California steps up to lead the nation

 

Despite vociferous opposition from the California Chamber of Commerce, Gov. Arnold Schwarzenegger, R, and Democrat state legislators cemented a deal on Aug. 30 to pass the much-heralded Global Warming Solutions Act. California is the world's twelfth-largest producer of global-warming causing greenhouse gases, and the bill commits the state to cutting its greenhouse-gas emissions 25 percent by 2020.

The move is a tremendously hopeful sign: It is by far the strongest commitment that U.S. citizens have made in attacking the cause of global warming at its root. It may also signal the death of the great myth of Western exceptionalism — the idea that the West, somehow, is simply different.

For more than a century and a half, those of us not native to the West have wanted desperately to believe that the region was a place apart. We have nurtured the myth because it makes us special. But Western exceptionalism has always come with an insidious and largely unacknowledged corollary: The belief that we are immune from the problems of elsewhere, and of the world at large. Patricia Limerick pointed out the problem best in her book Legacy of Conquest, when she noted that the history of the West has largely been one of people running away from their problems, only to re-create them wherever they flee.

The environment has stood squarely at the center of the myth: First, with the notion of heroically testing ourselves against the landscape in the manner of the cowboy. Its more recent incarnation is environmentalism, which, regardless of whether you're a Sierra Club stalwart or public-lands rancher, has done more to shape the regional psyche than anything else.

There was a time when the West really was different from everywhere else, but the world that we set the West apart from no longer exists. That outside world has become ever more like the West, and the West more like it. We think of the West as rural communities in the midst of wide-open spaces, yet we cluster in urban areas more than in any other part of the nation. We think of sprawl as a Western phenomenon, yet the Southeast sprawls worse than anywhere else. We think of water as the limiting factor in the West, yet four-fifths of the region's water is used to grow food and fiber — a valiant pursuit, until you consider that much of it is surplus crops, like cotton, and feed for cattle, like alfalfa. The West, in truth, is awash in usable water. Meanwhile, the East Coast and the Southeast are — unbelievably, to us — running out.

The paradoxes of water help lead the way to the paradoxes of the exceptionalist view of the West. The engineered abundance of water encourages growth, which creates problems less characteristic of the frontier than of anonymous metropolises anywhere on earth: air and water pollution, traffic jams, sprawl, crime.

These days, survival demands that we confront not the rigors of the landscape, but the consequences of our own societal metabolism.

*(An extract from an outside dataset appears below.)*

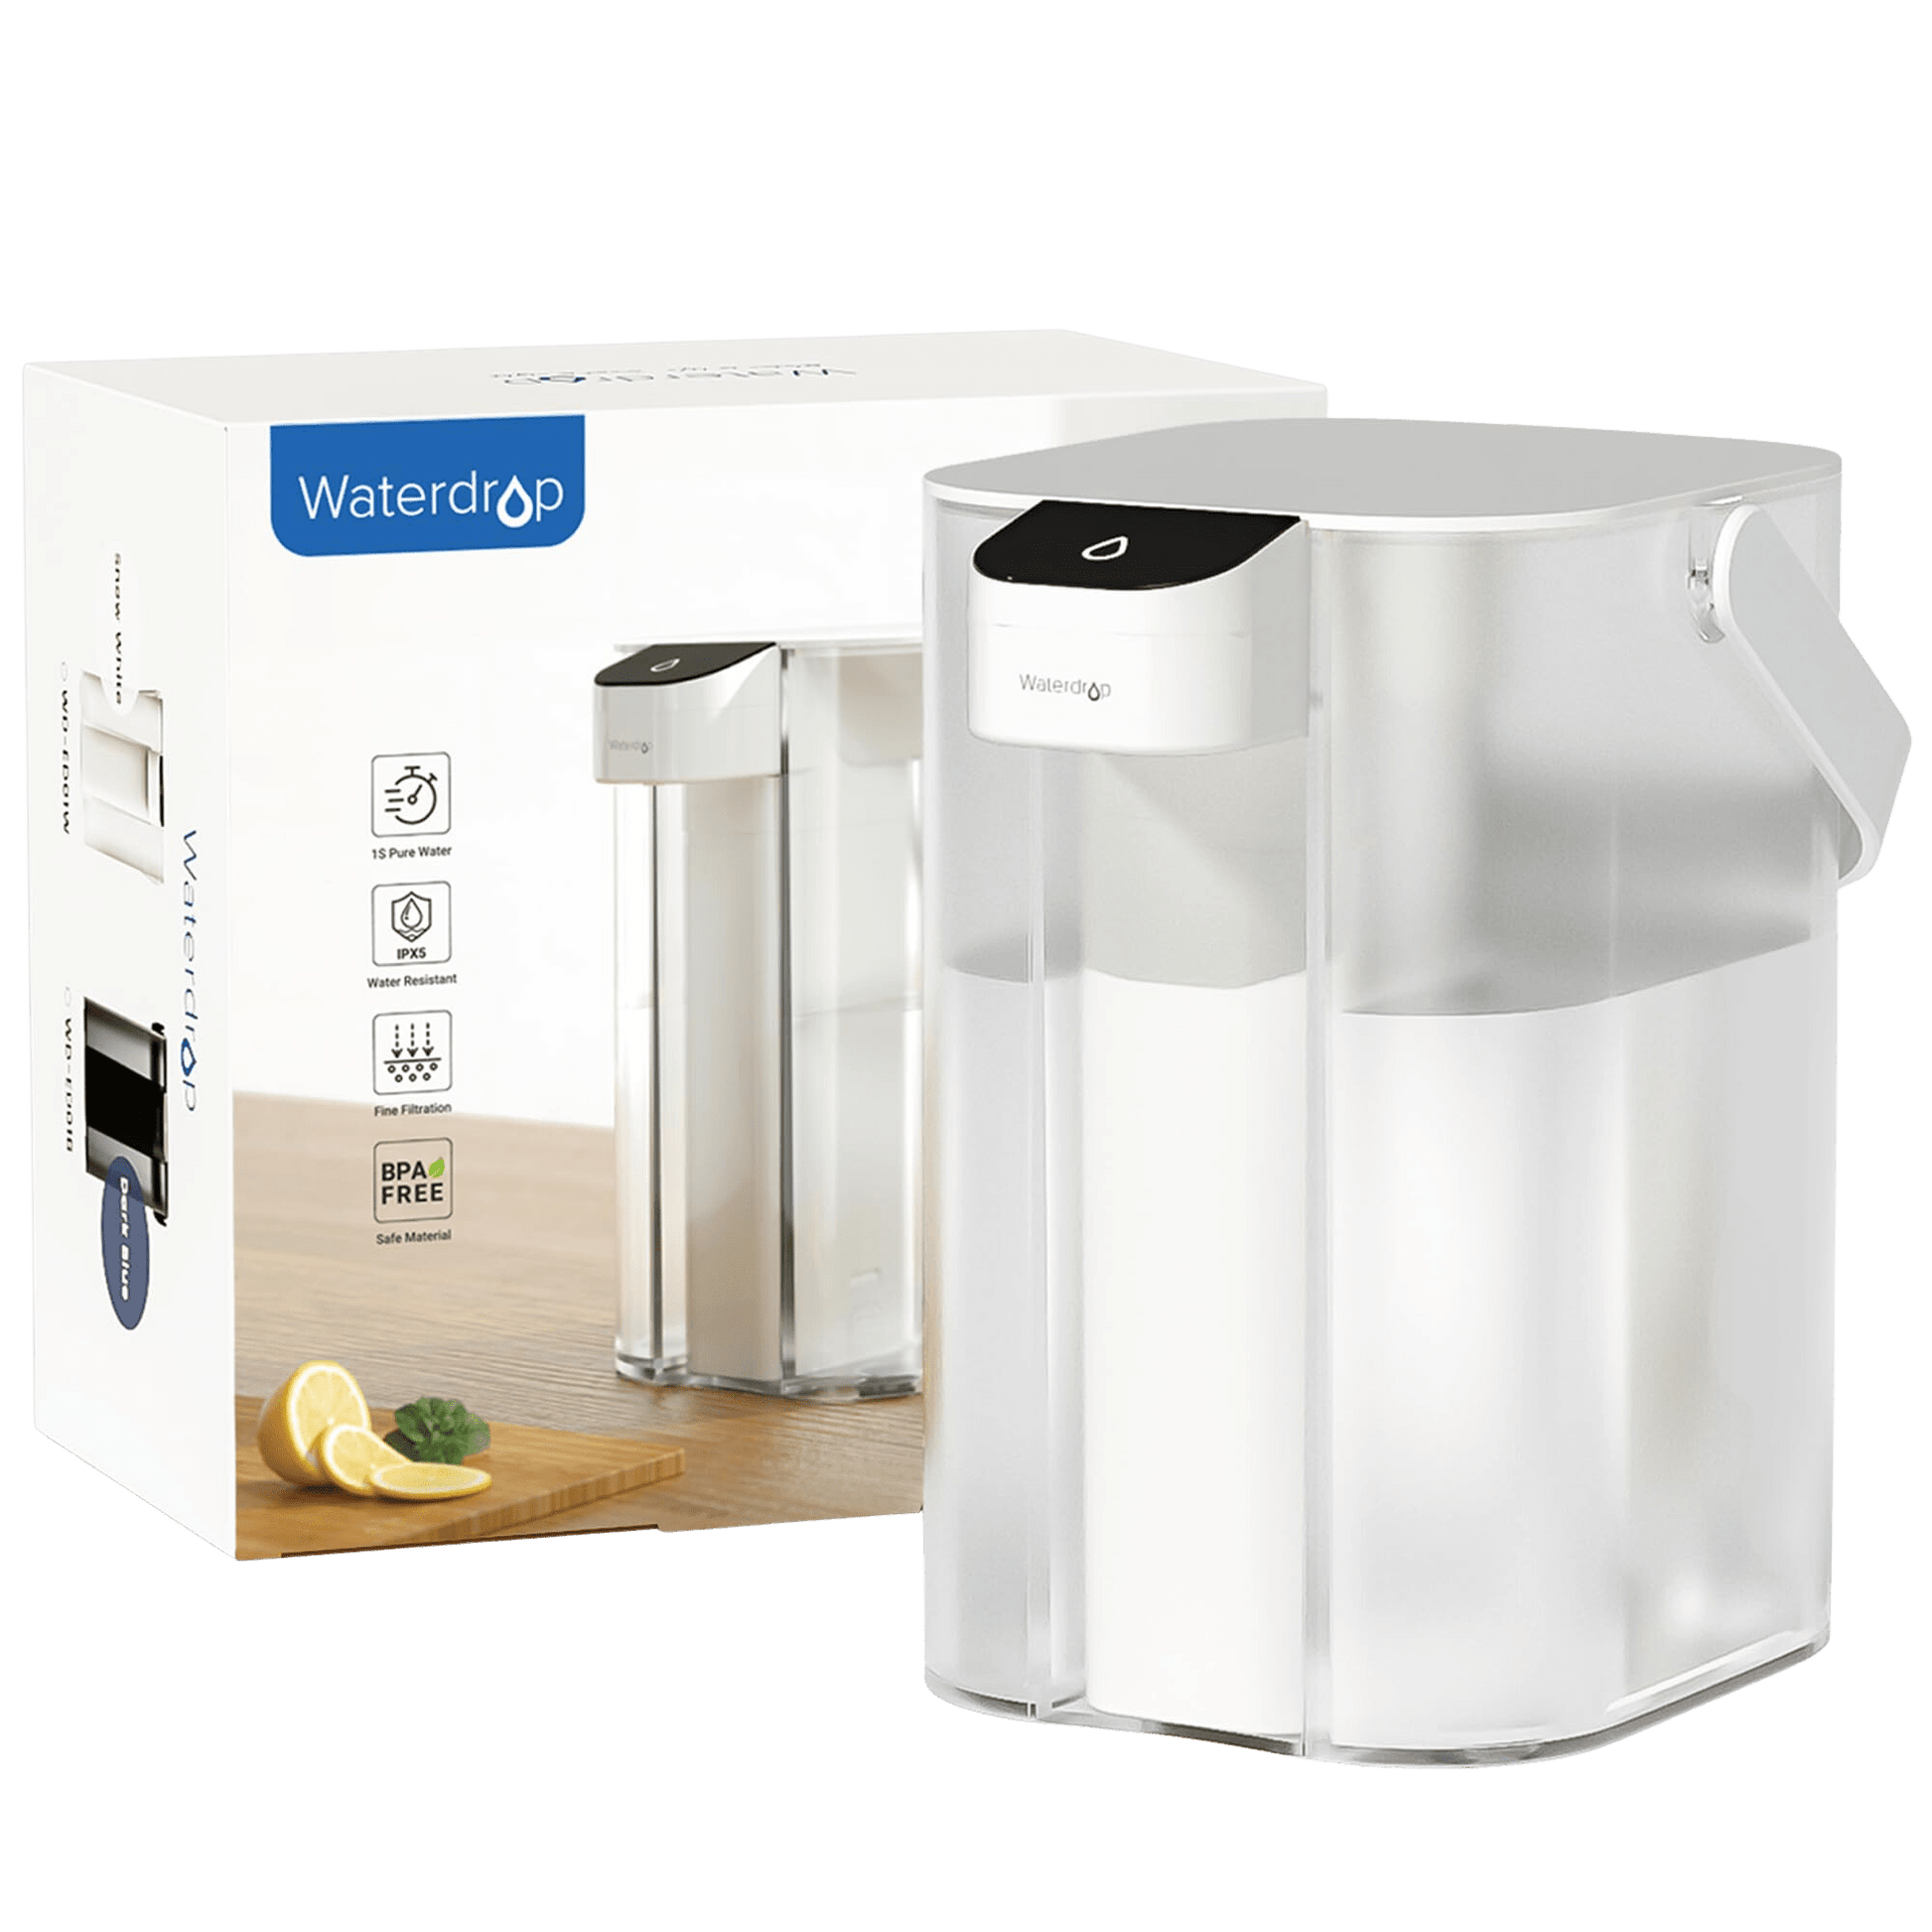 Waterdrop Electric Dispenser Countertop Water Filter System - WD-ED01

No place has proven that better than Los Angeles, which, in the 1980s and 1990s, disappeared under its brown cloud of smog and bullets. Rather than attempt to solve the problem, a wave of Californians sought refuge in that great Western promise — a new start, somewhere else.

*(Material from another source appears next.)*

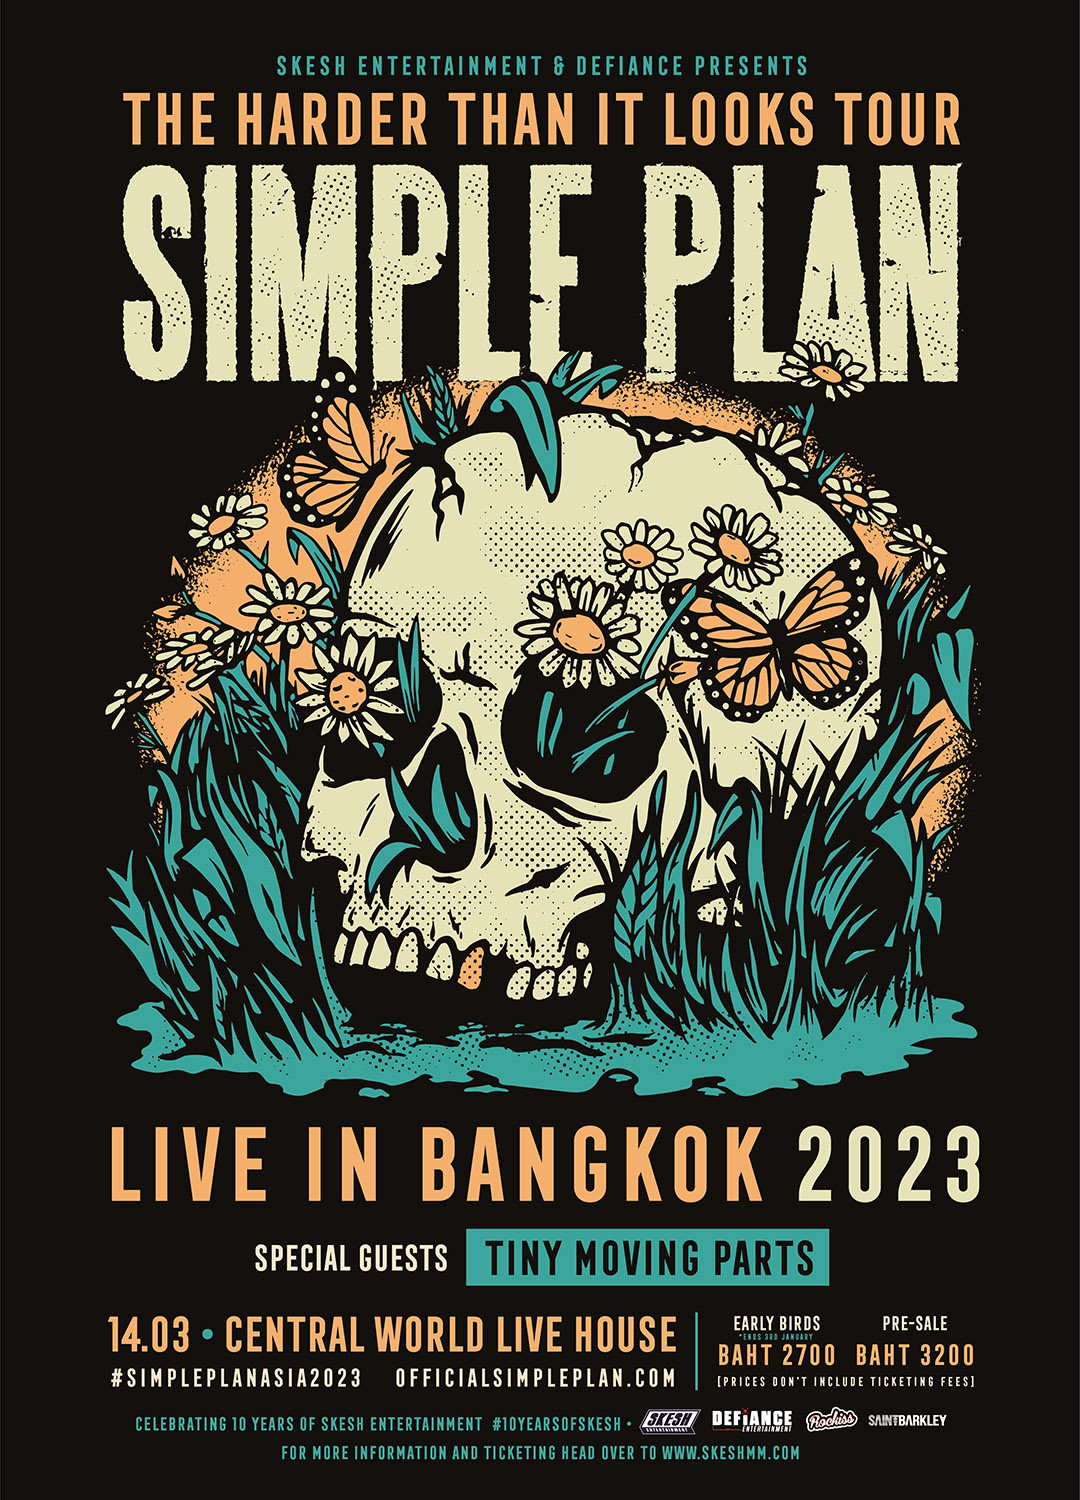 Simple Plan - The Harder Than It Looks Tour - Live In Bangkok 2023

But there is another paradox: Our vast landscape — the very thing that we in the West have always insisted sets us apart — ties us together with the rest of the world. And ultimately, a deteriorating environment erases the notion that refuge can be found anywhere. This is not a particularly new idea. But we in the West, particularly, may do well to consider it again. For global warming has finally rendered the myth of Western exceptionalism obsolete. If we continue to insist, even unconsciously, or unthinkingly, that our cherished exceptionalism confers immunity to not only the effects of, but also responsibility for, global warming, the myth could undo the place we love.

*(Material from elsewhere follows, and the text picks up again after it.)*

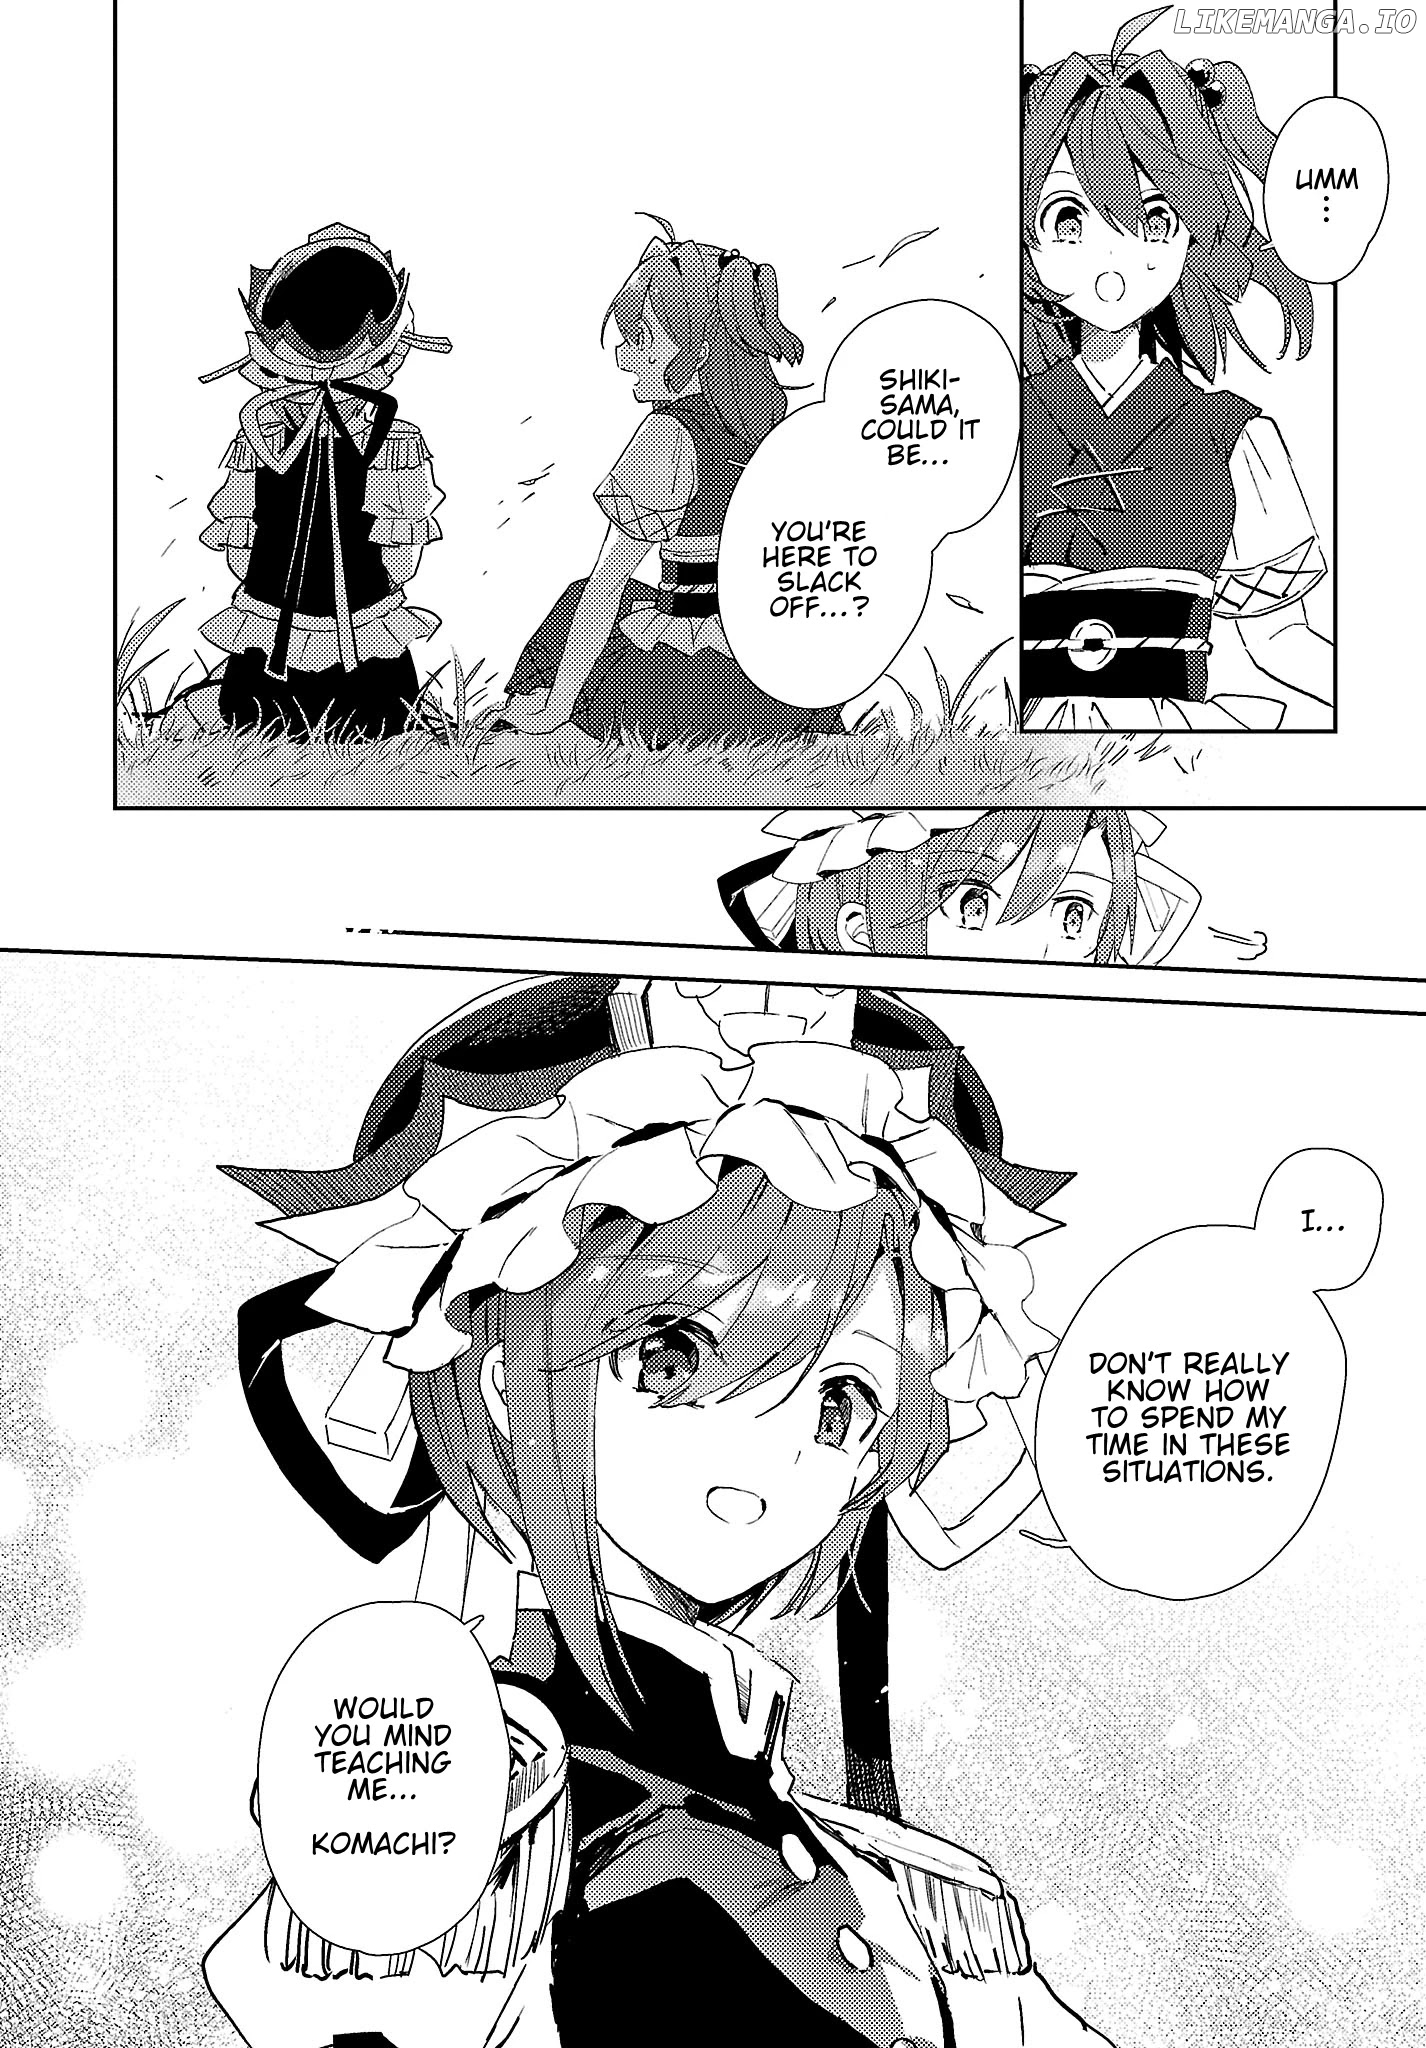 The Shinigami's Rowing Her Boat as Usual - Touhou chapter 6 - page 18

That is why California's taking the lead against global warming is such a hopeful sign. The great Western writer and historian Wallace Stegner once wistfully dreamed of Westerners laboring to create a society to match the scenery. Yet California may have done something that goes far beyond. The state may be ill able to afford it, yet it is — in defiance of the impulse that has driven the past century and a half of Western history — moving to solve a problem whose causes lay largely at home, but whose effects are truly planetary.

Matt Jenkins is a contributor to Writers on the Range, a service of High Country News (hcn.org). He is the paper's Northwest editor, based in Oregon.